I’ve been working on editing the fourth episode of my Buffy the Vampire Slayer podcast, Things of Bronze, and in that episode I talk about how being a mom is like being the Slayer.

And then I’m reading Barbara Brownie and Danny Graydon’s The Superhero Costume: Identity and Disguise in Fact and Fiction and I run across Ana Álvarez-Errecalde’s beautiful work Symbiosis and it feels like my heart stops for a second. My breath catches.

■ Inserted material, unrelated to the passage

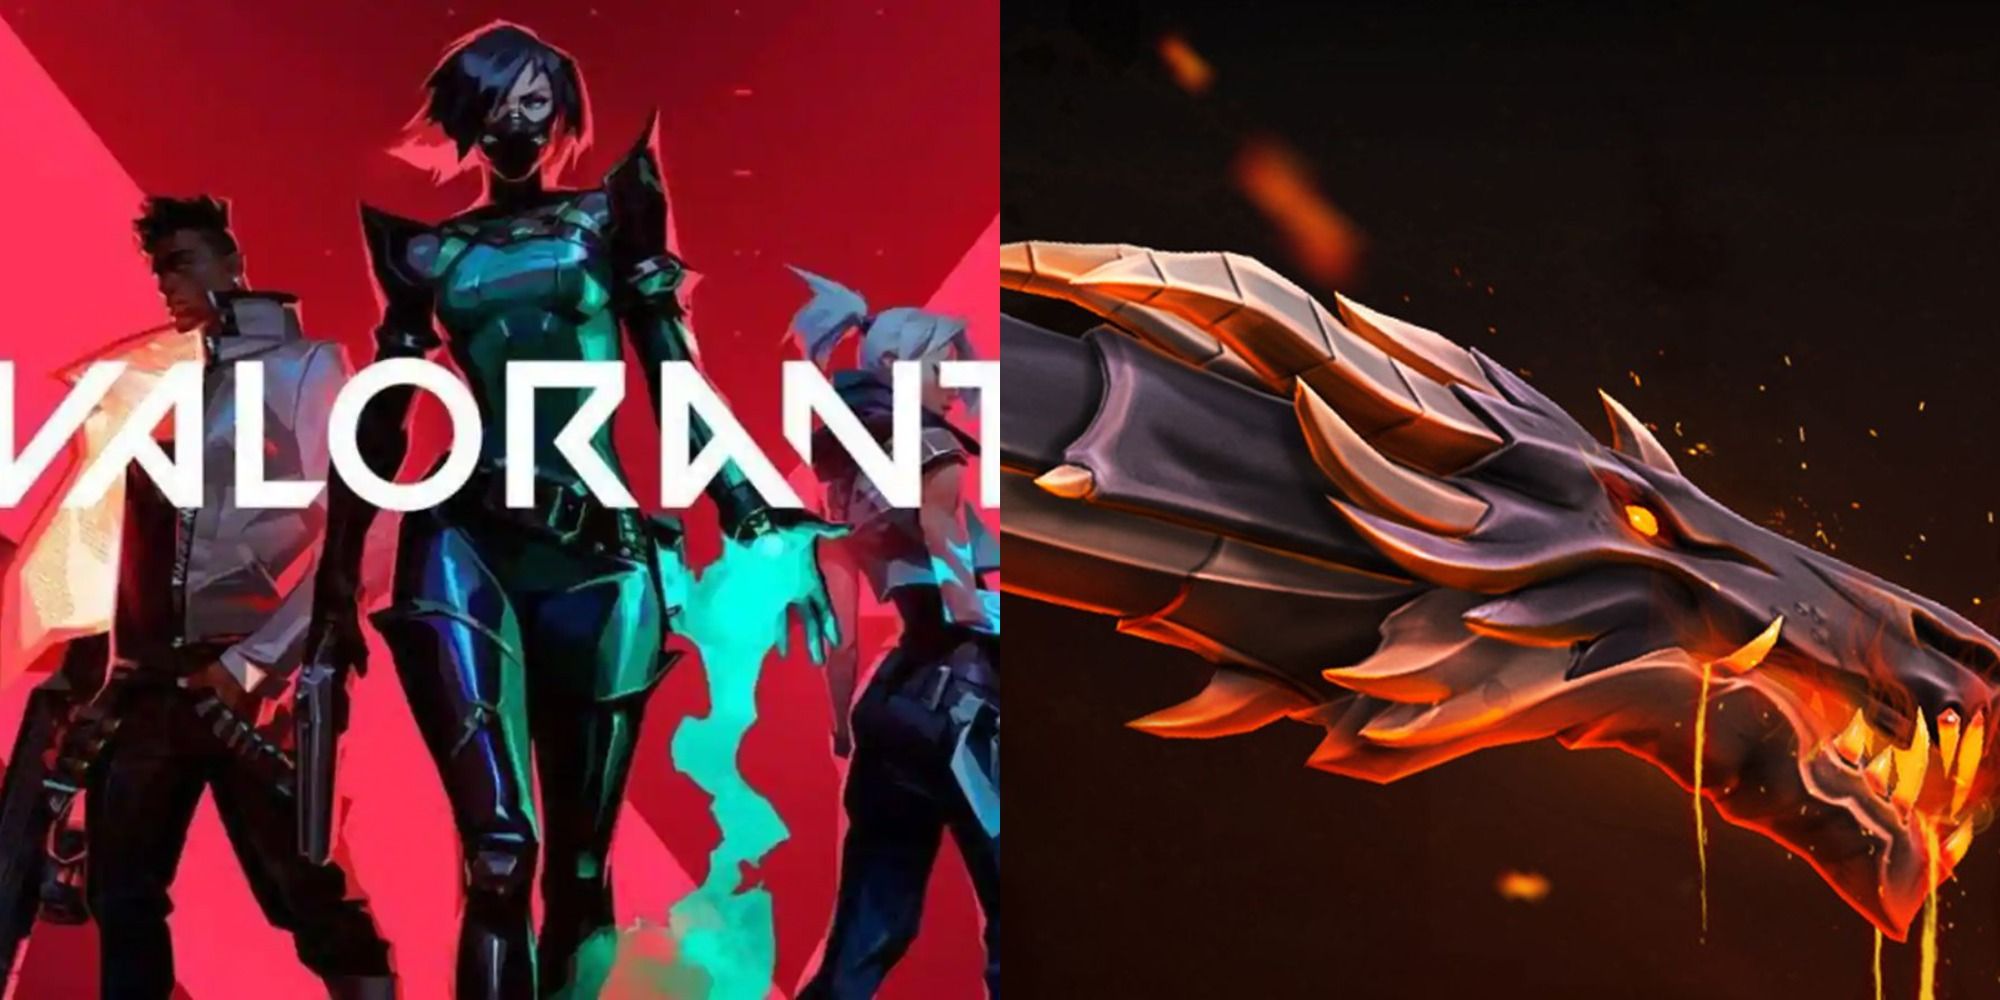 Split image showing the cover for Vaalorant and the Elderflame skin

And I go track down this interview with her, and save it for later, knowing it’s going in the February issue of Genetrix:

 Symbiosis (The Four Seasons, 2013-2014) talks about relationships that nourish each other both physically and psychologically. It challenges the idea of a negated mother who also negates her body and her presence to her children, so they will all ultimately conform to our unattended, unloved, and unnourished society. It is not about being a “supermom.” It is about two complete beings that strengthen each other by the relationship they establish. That is where the mutual empowerment resides.

But also then I go back to Brownie & Graydon and flipping through I realize that Álvarez-Errecalde’s photograph is in a section called “Parent power,” with quotes like these:

As the death of family provoked the adoption of heroic identities in Batman and Spider-Man, new parents find themselves transformed by the birth of a child. (p. 130-131)

and

It is just as impossible to define any parent without acknowledging their parenthood, as it is to define Bruce Wayne without acknowledging Batman. (p. 131)

and

Parenthood, like crime-fighting, is labor-intensive, exhausting and emotionally draining... Superhero imagery allows parents to express the tremendous strength that is required in parenthood, along with the new sets of values that emerge with their new identity. (p. 131)

And this is all serendipitously making me feel immensely seen and I’m on the verge of tears.